California Community Association Held Not Liable For Criminal Acts Where Owners Were Not Able To Show That Association’s Negligence, If Any, Was The Cause of The Criminal Acts

By David Swedelson, Senior Partner SwedelsonGottlieb; Condo Lawyer and HOA Attorney

Owners often want to hold their condo or HOA liable for their damages suffered after a burglary of their unit or home or other criminal act. They claim that their association was required to provide (more) security, that the gates were not working or that a light in the common area was out. An association’s liability may depend on many factors such as whether it is a secured complex, the nature of the security services provided, if any, the association’s knowledge of criminal activities in the area and whether the criminal activities are the kind of activities that the complaining homeowner has complained about, etc. But is an association liable merely because it does not provide security? Is the lack of security the cause of the crime? We have found that sometimes the answer to these questions is “yes”. However, more frequently, the answer to these questions is likely “no,” that the association is not liable for the alleged damage(s). And that was the holding in a recent unpublished California court of appeal decision.

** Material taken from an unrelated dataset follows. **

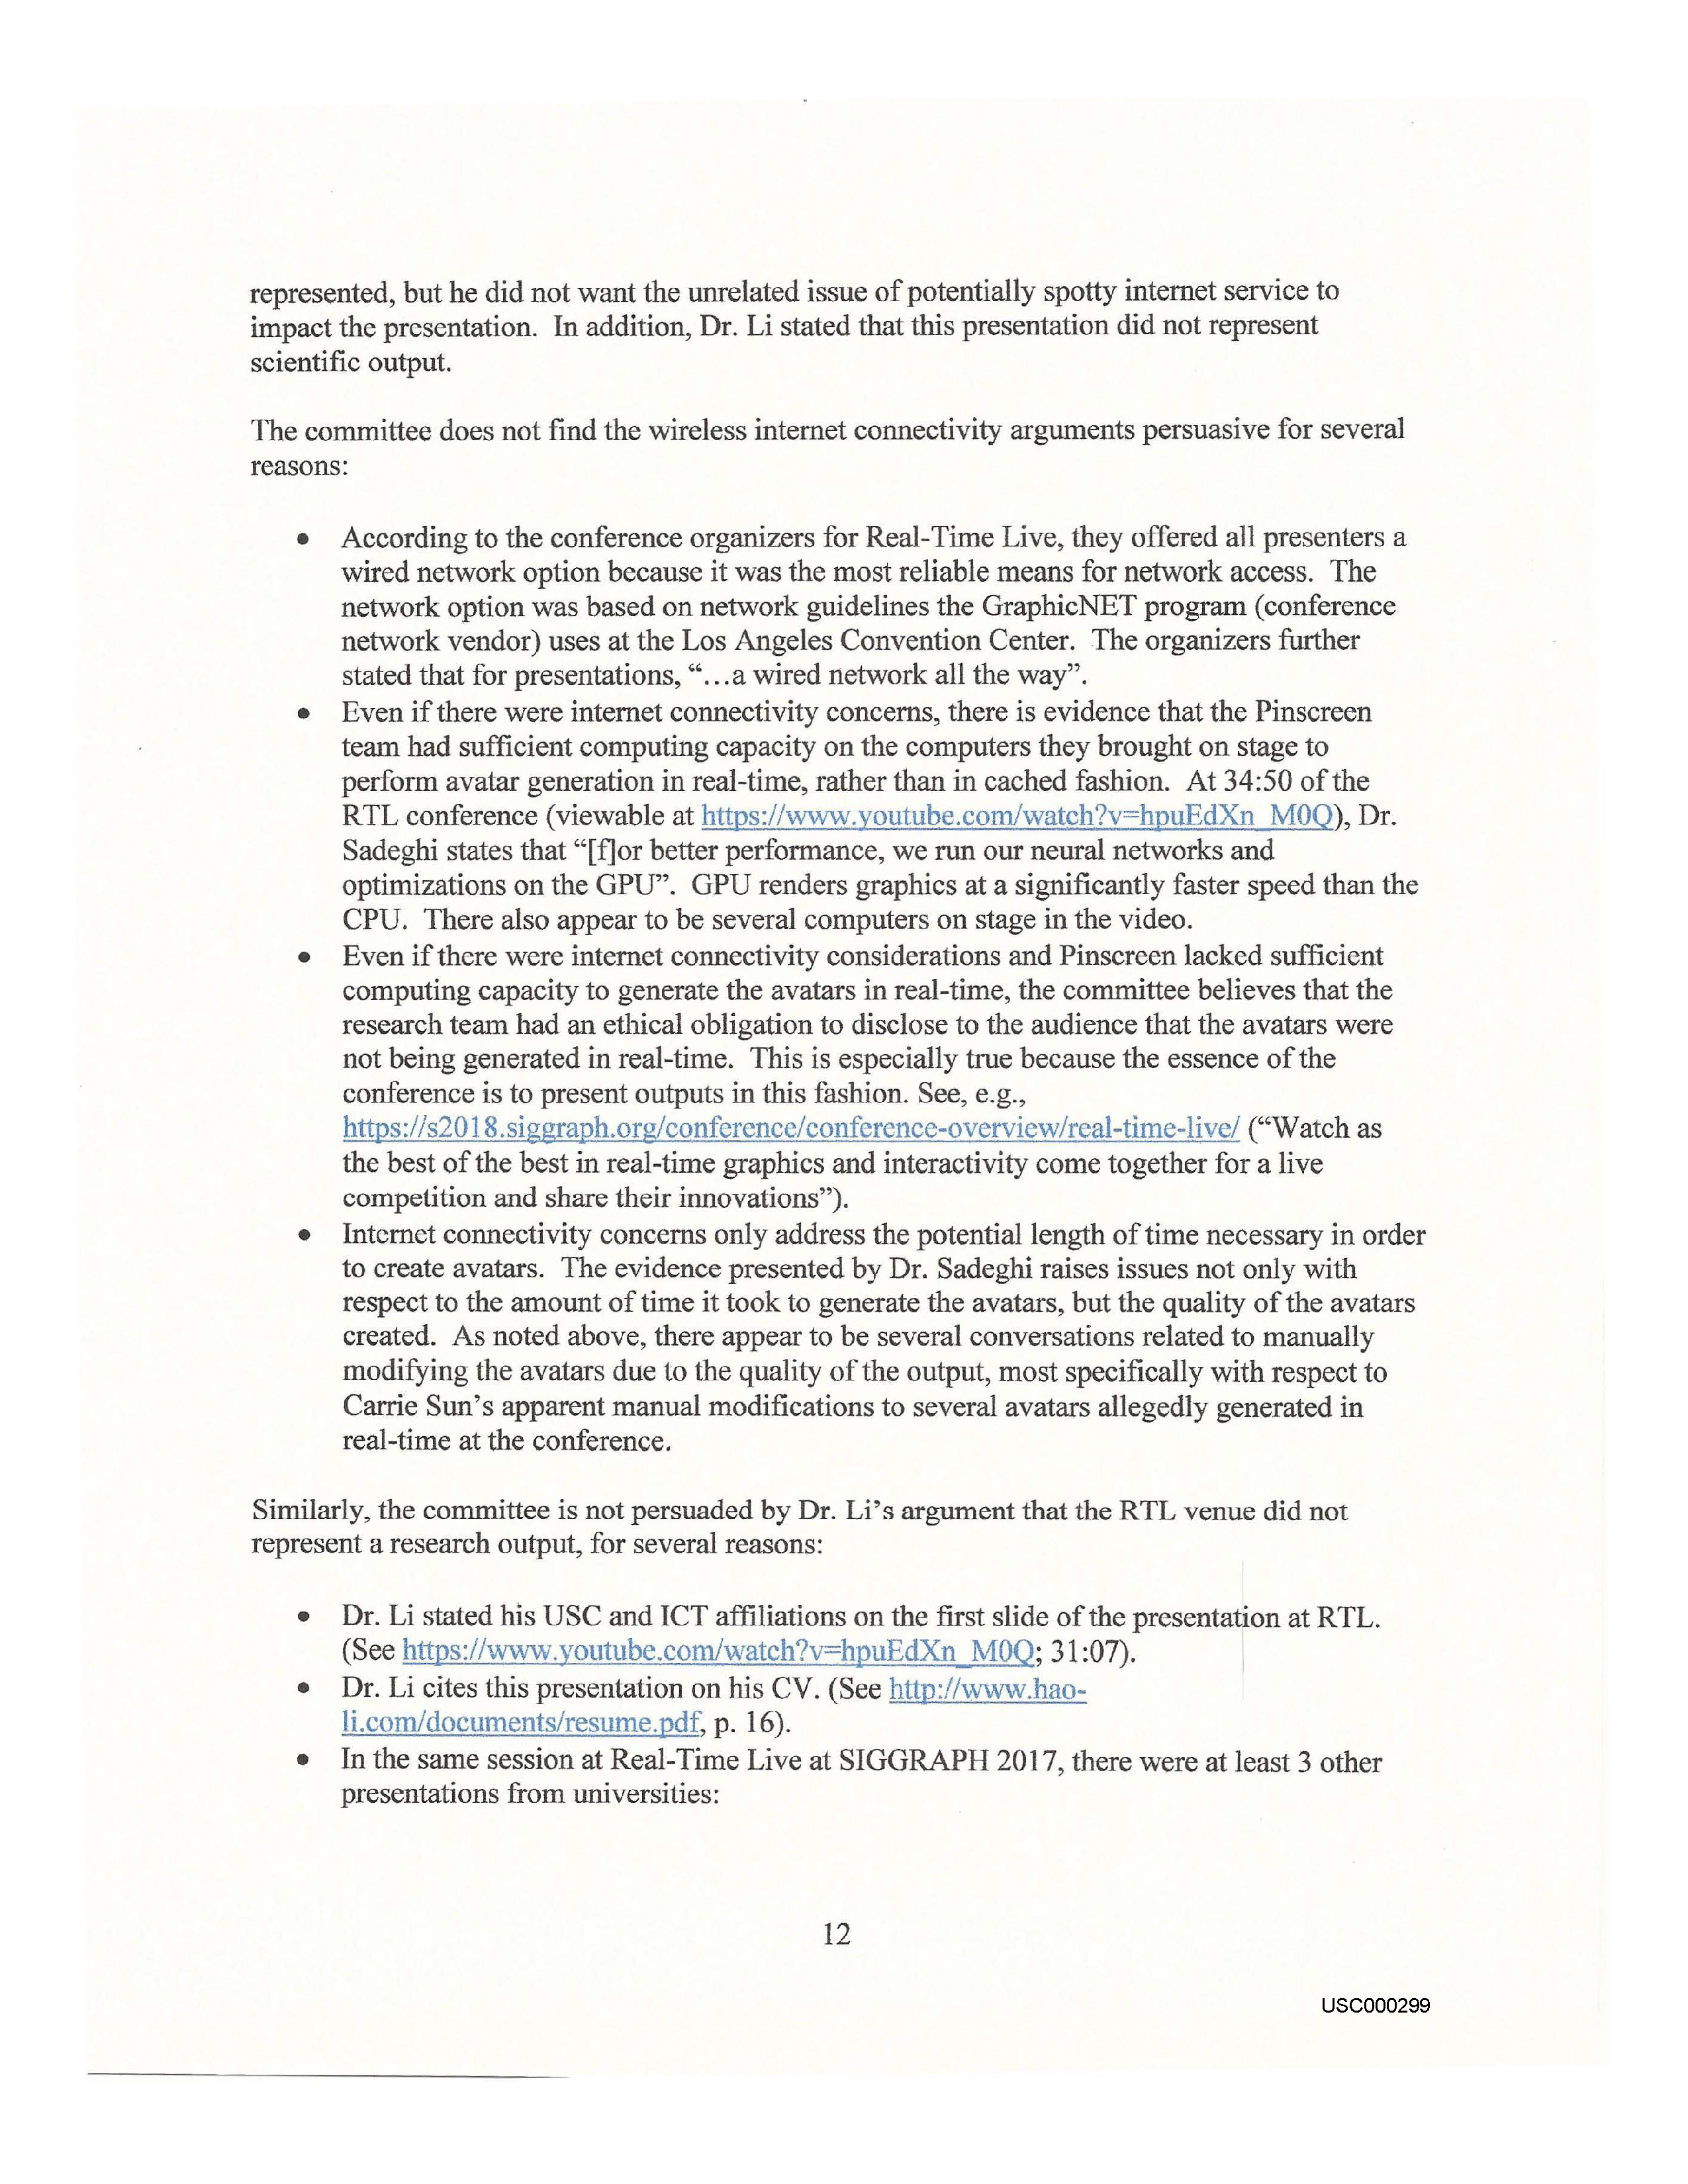 USC's Investigation Report re Hao Li's and Pinscreen's Scientific Misconduct at ACM SIGGRAPH RTL 2017 - Summary Page 29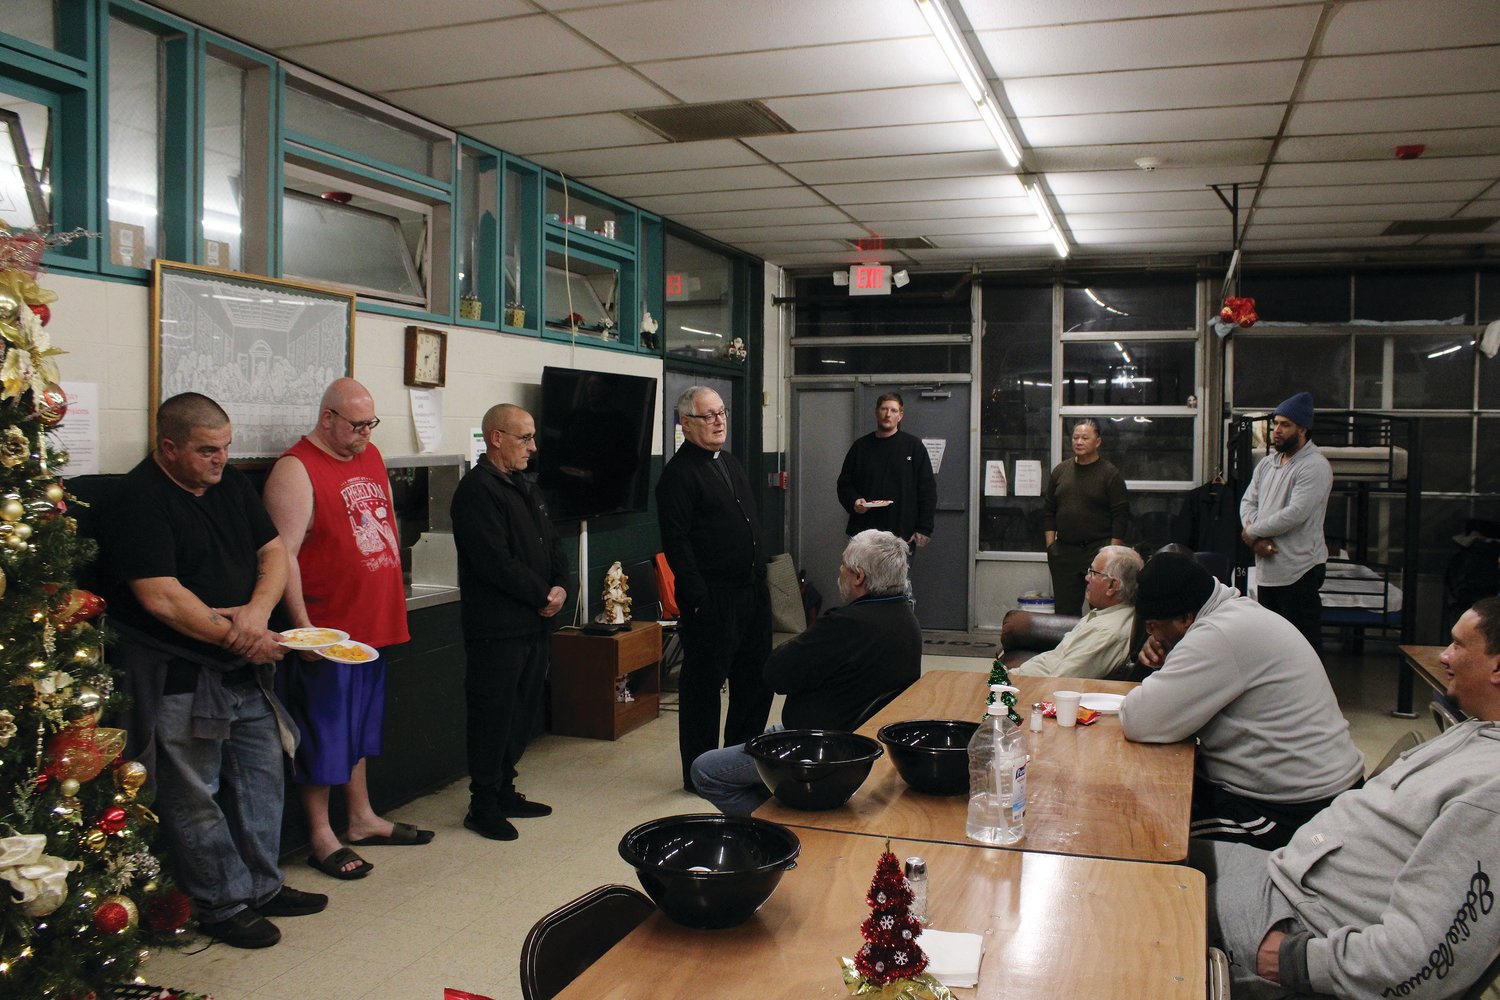 Bishop Thomas J. Tobin visited the diocesan Emmanuel House homeless shelter on December 19 to lead a short prayer service where he offered a blessing upon shelter guests and presented them with gifts at the annual Christmas party. Emmanuel House, which helps provide shelter for approximately 20,000 people per year, is also to some extent a community effort. Although founded and operated by the diocese, those involved with the shelter will frequently work with local government leaders to help carry out its mission.

In the Girardi v. San Rafael Homeowners Association case, a husband (a prominent attorney) and wife who owned a home in a luxury planned development (located in Pasadena) sued the Alta San Rafael HOA, where their home is located, for negligence after their house was burglarized twice (jewelry and other valuables with a value in excess of a million dollars was alleged to have been taken). The Girardis claimed that their association owed them, as owners, a duty to keep the premises reasonably safe, and breached that duty by failing to hire a security guard, monitor gates, and maintain the streetlights.